Jenni Murray, a BBC Radio 4 presenter, interviewed various women to discuss the issue at hand.

Elsie Gayle, a midwife and nurse with 30 years’ experience within the NHS, stated her concern since observing the practices of midwives since 2001. Elsie has observed the disparity and experienced it first hand when expecting her child.

On 1st November 2018 there was a notable rise from three times more likely to die to five times more likely to die for women of African descent, whilst Asian women have remained at two times more likely to die during childbirth.

These issues have causes which are currently being looked into. One cause is that certain ethnic groups are more prone to various medical conditions and complications than white individuals. For example, black women are more likely to have higher blood pressure than white women, which in turn may increase the likelihood of experiencing complications during childbirth.

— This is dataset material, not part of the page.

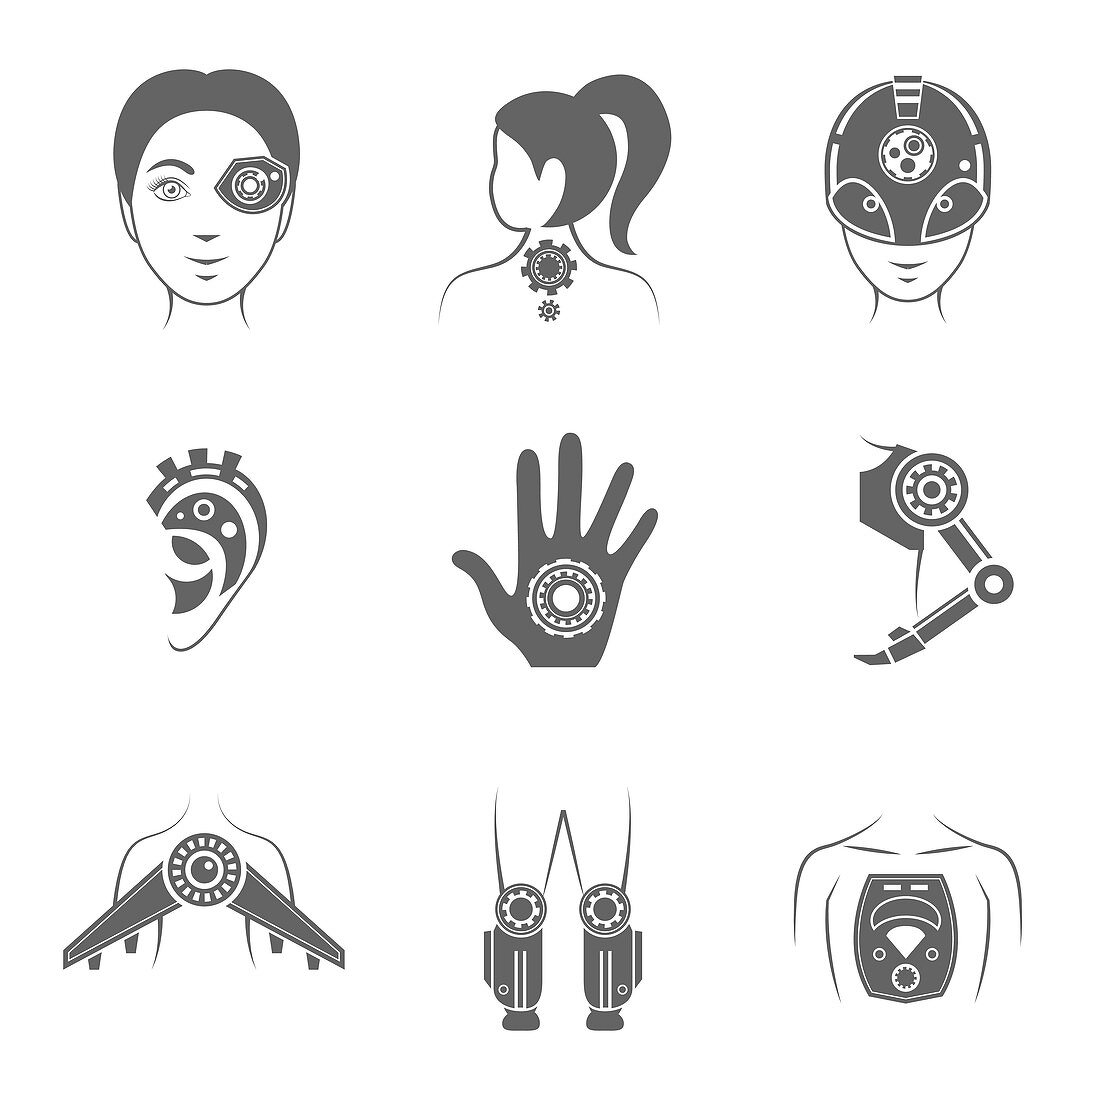 Cyborg icons, illustration

Socio-economic factors also contribute to these figures. Many people argue that black women do not have their voices heard in the same way white women do, whilst some black women have reportedly been given little or no pain relief as a result of an assumption that they can withstand more pain than women of other races.

Policy makers have paid very little attention to this issue, however in 2011 the Black Women’s Health and Wellbeing Research Network was founded in order to help black women get the help they require.

Elsie has stated that through the work of group midwifery conversations they have been able to help women find the information and resources that they need, when they need to. For example, if a black women is having problems getting a scan, the service may refer them to a senior midwife in the system rather than complaining to PALS (Patient Advice and Liaison Service).